The invention described in claim 2
Ingredient composition further
Cr: 0.01-1.0% and / or Mo: 0.01-1.0%
The high-strength cold-rolled steel sheet having an excellent balance between elongation and stretch flangeability according to claim 1.

The invention according to claim 3
Ingredient composition further
Cu: 0.05-1.0% and / or Ni: 0.05-1.0%
The high-strength cold-rolled steel sheet having an excellent balance between elongation and stretch flangeability according to claim 1 or 2.

The invention according to claim 4
Furthermore,
Ca: 0.0005 to 0.01% and / or Mg: 0.0005 to 0.01%
The high-strength cold-rolled steel sheet having an excellent balance between elongation and stretch flangeability according to any one of claims 1 to 3.

  According to the present invention, in a two-phase structure composed of ferrite and tempered martensite, by properly controlling the hardness of tempered martensite and its area ratio, and the distribution of cementite particles in the tempered martensite, The tensile strength can be further improved while ensuring the balance between the flangeability and the elongation, and a high-strength steel sheet excellent in formability can be provided even in a higher strength class than the above-mentioned prior invention steel.

  The present inventors are based on a high-strength steel sheet having a two-phase structure composed of ferrite and tempered martensite (hereinafter sometimes simply referred to as “martensite”) in the same manner as the above-described prior invention steel sheet.
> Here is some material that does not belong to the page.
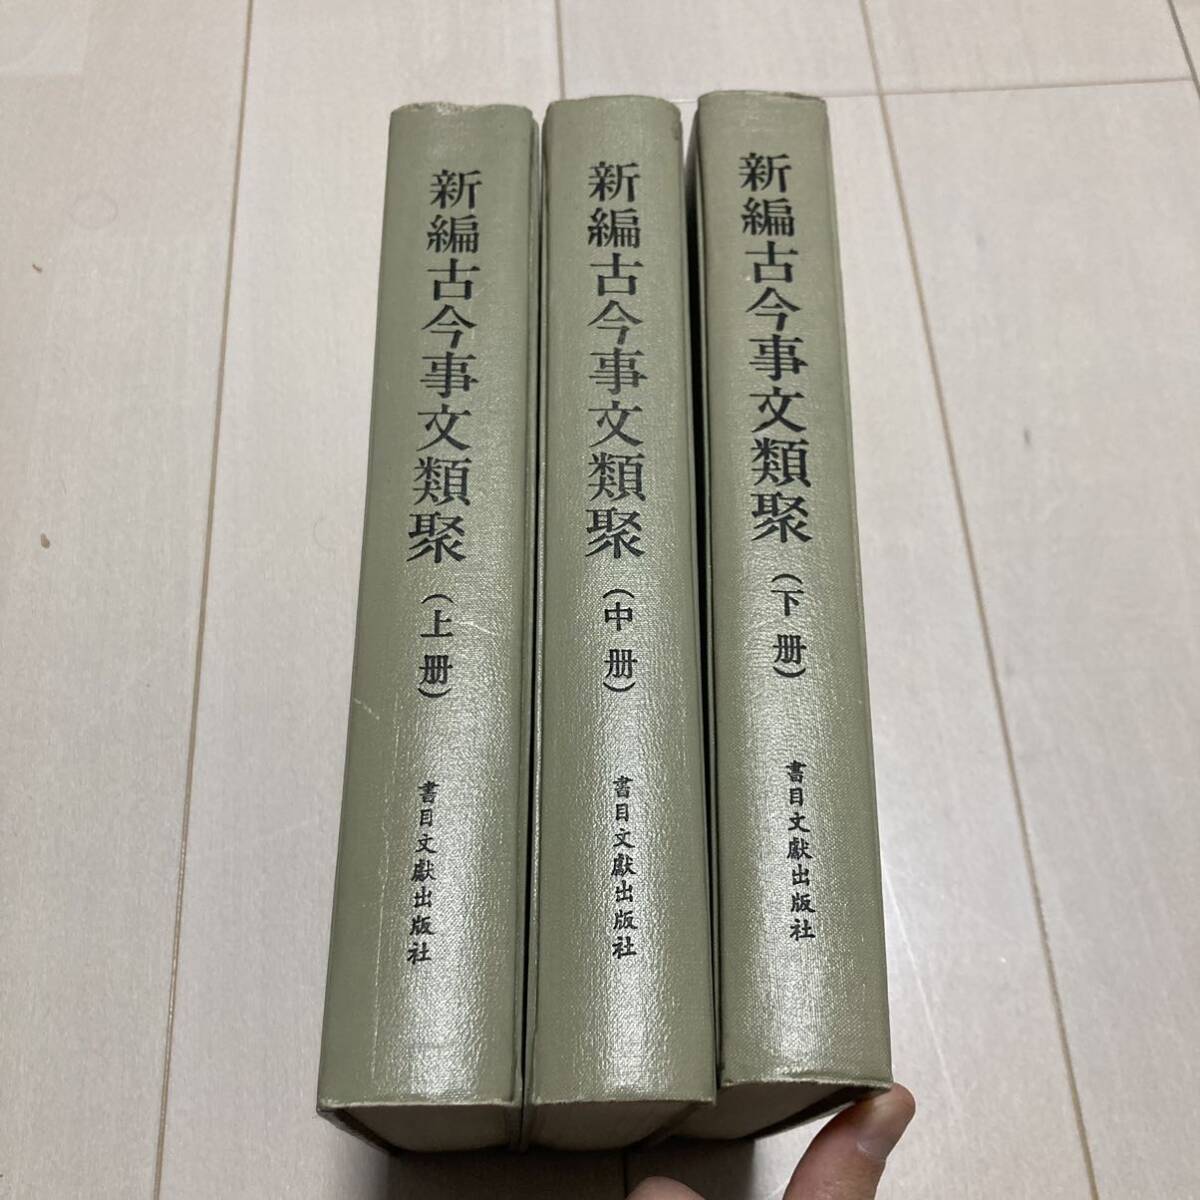 J 1991 год выпуск Tang книга@. печать версия . оборудование книга@ China документ [ новый сборник старый сейчас . документ вид .] все 3 шт. .

The ratio of ferrite is further reduced than that of the invention steel (that is, the ratio of martensite is further increased), and the cementite in the martensite is refined while maintaining the hardness of the martensite high by adjusting the tempering conditions. As a result of intensive investigations, it was concluded that the present invention could be completed as a result of intensive studies that increased martensite strength and improved stretch flangeability would provide a high-strength steel sheet that could satisfy the above-mentioned level of demand. It was.
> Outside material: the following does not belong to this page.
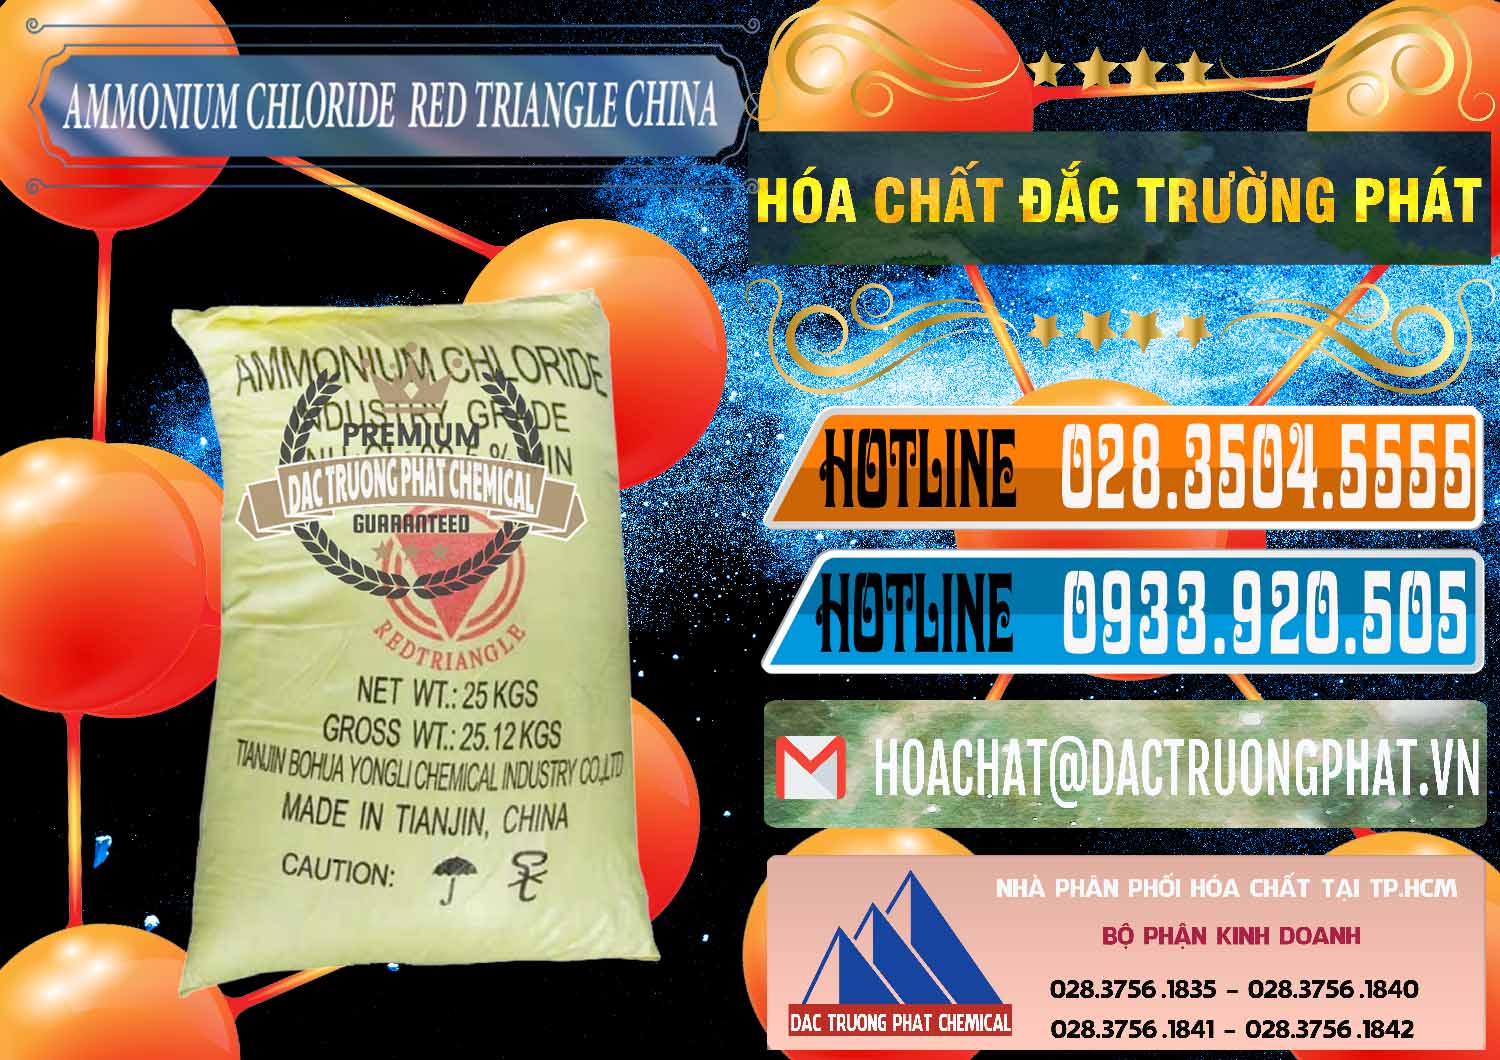 Cty bán và phân phối Ammonium Chloride - Muối Lạnh NH4CL Red Triangle Trung Quốc China - 0377 - Công ty chuyên bán & phân phối hóa chất tại TP.HCM - stmp.net

  Hereinafter, the structure characterizing the steel sheet of the present invention will be described first.

[Structure of the steel sheet of the present invention]
As described above, the steel sheet of the present invention is common to the steel sheet of the prior invention in that it has a two-phase structure composed of ferrite and tempered martensite, but is different in the following points.

  That is, the area ratio of the tempered martensite is 40% or more (including 100%) in the above-described steel sheet of the present invention, whereas the steel sheet of the present invention has 70% or more (100% of the martensite side). Including).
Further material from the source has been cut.